Stephanie M. Caballero
By Anna Chang-Yen
I could feel the air leaving my lungs, with nothing to replace it. Each second was more agonizing with the realization of what I had heard.
We could not have children of our own.
There was no chance.
In seconds, I imagined Christmases not seasoned with innocent laughter and screeching at the surprises from Santa's sleigh. No first steps, no first days of school, no graduations, no sharing hard-learned life lessons.
There, in the results of laboratory tests, lay all the little moments I treasured before they even existed, dashed into a million bits.
I breathed quickly and sobbed loudly. How could the doctor walk into that exam room, deliver a blow so crippling, then simply walk out again?
My husband, David, pulled me close and let me break down.
I remember feeling immediately as if it was impossible to go on.
But there was one possibility, one way to the other side, sitting excruciatingly — if only momentarily — out of reach.
For a small fortune, we could use someone else's eggs. My own ovaries refused to function, but someone else's could do the work. In vitro fertilization using donor eggs — that was possible. "An anonymous donor " I heard the doctor saying, "or a friend, a relative " and then: "a sister."
Shanna
Until now, we had shared clothes, hairbrushes, friends and life experiences. But the doctor implied that my sister and I might share more.
There were times when we gave such cursory consideration to our bond as sisters.
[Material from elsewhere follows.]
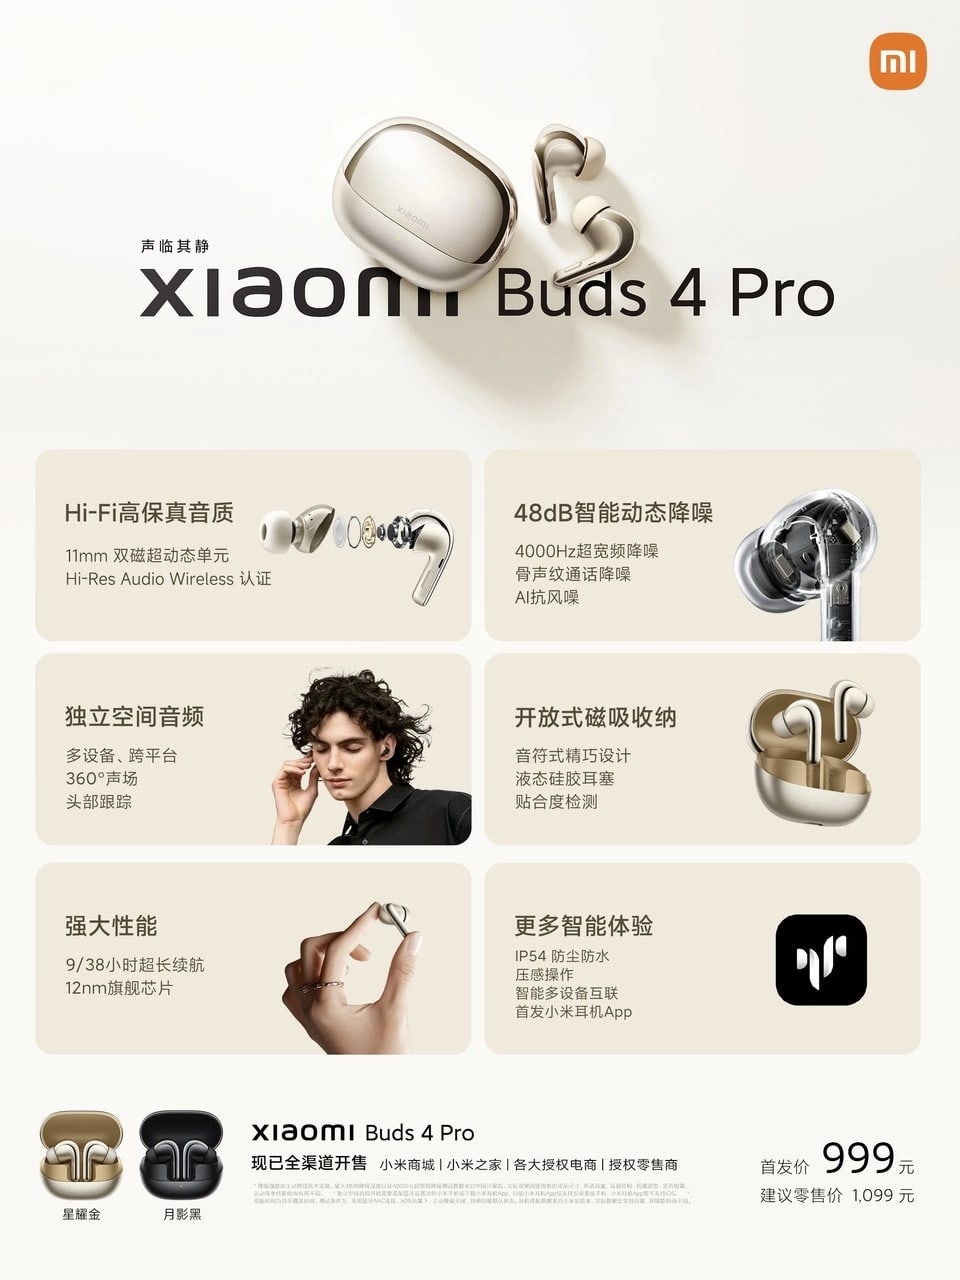 Следующая новинка от Xiaomi — наушники Buds 4 Pro:

She was a year and a half older than me and stamped her foot in protest when I tagged along to slumber parties and on school trips. I hated sharing clothes and being "Shanna's little sister."
They called us Shanna'n'Anna, a label that made us both cringe for want of individuality.
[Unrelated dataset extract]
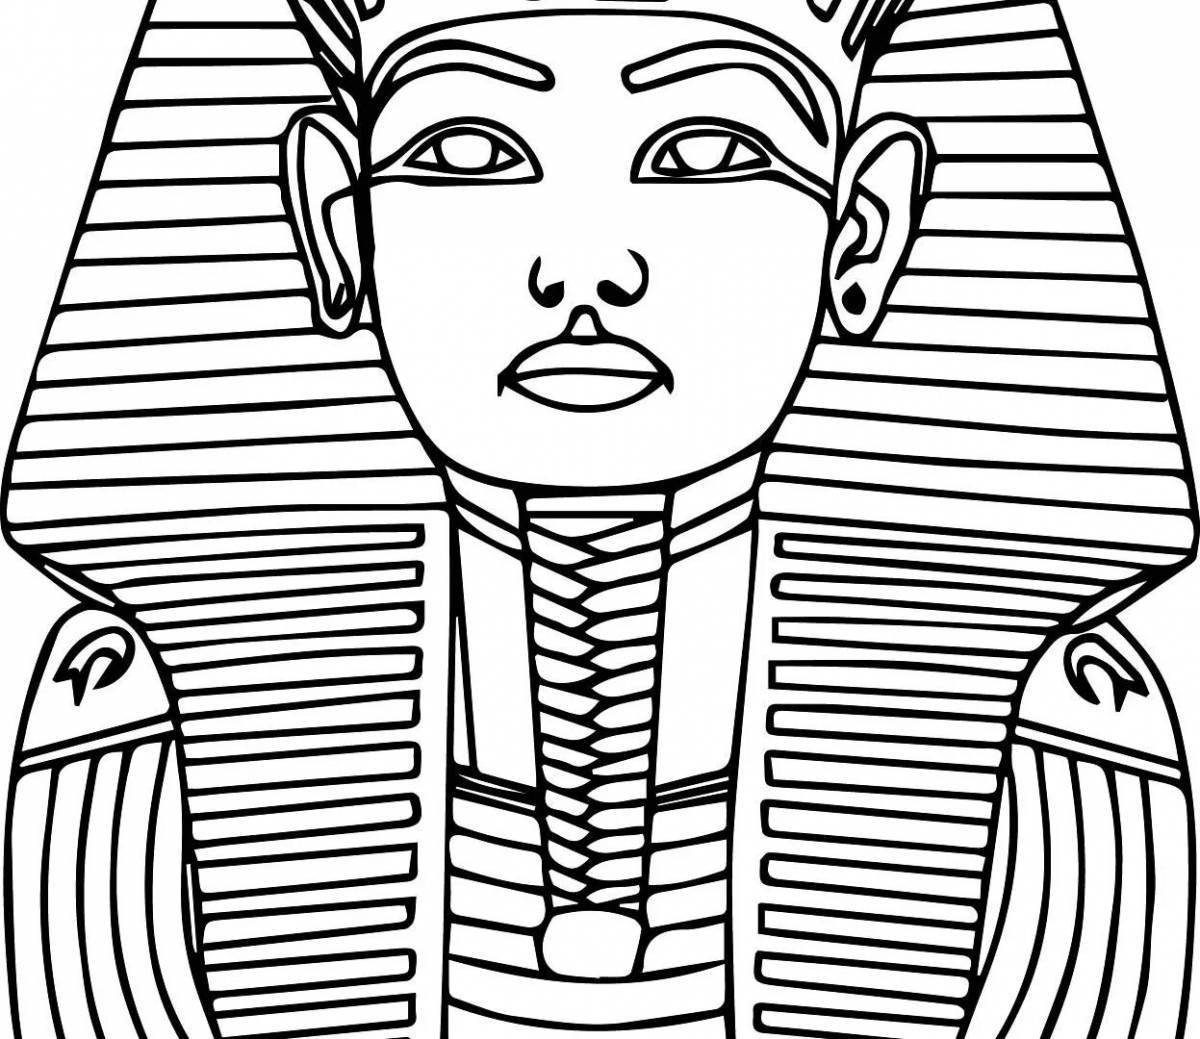 Pharaoh of ancient Egypt #5

As adults, we discovered the importance of the bond we shared, of having come from the same place. I marveled at her strength as she gave birth to two girls.
As it became clear that I was having trouble conceiving, Shanna told me many times that she would help however she could — even offering to be a surrogate.
I dialed her number without thinking. I ran through the few facts I knew about egg donation, and she was undeterred by the difficulty of the task.
Her strength lay so close to the surface.
You couldn't ask for a surer thing. In the prime of her fertility, and at no lack for devotion, she was everything I could ask for.
Ebbs, flows
Since that first day almost two years ago in the doctor's office, while my husband and I have saved money for the procedure, I have found my strength and lost it again dozens of times over. Strength, it seems these days, is bought and sold in fear.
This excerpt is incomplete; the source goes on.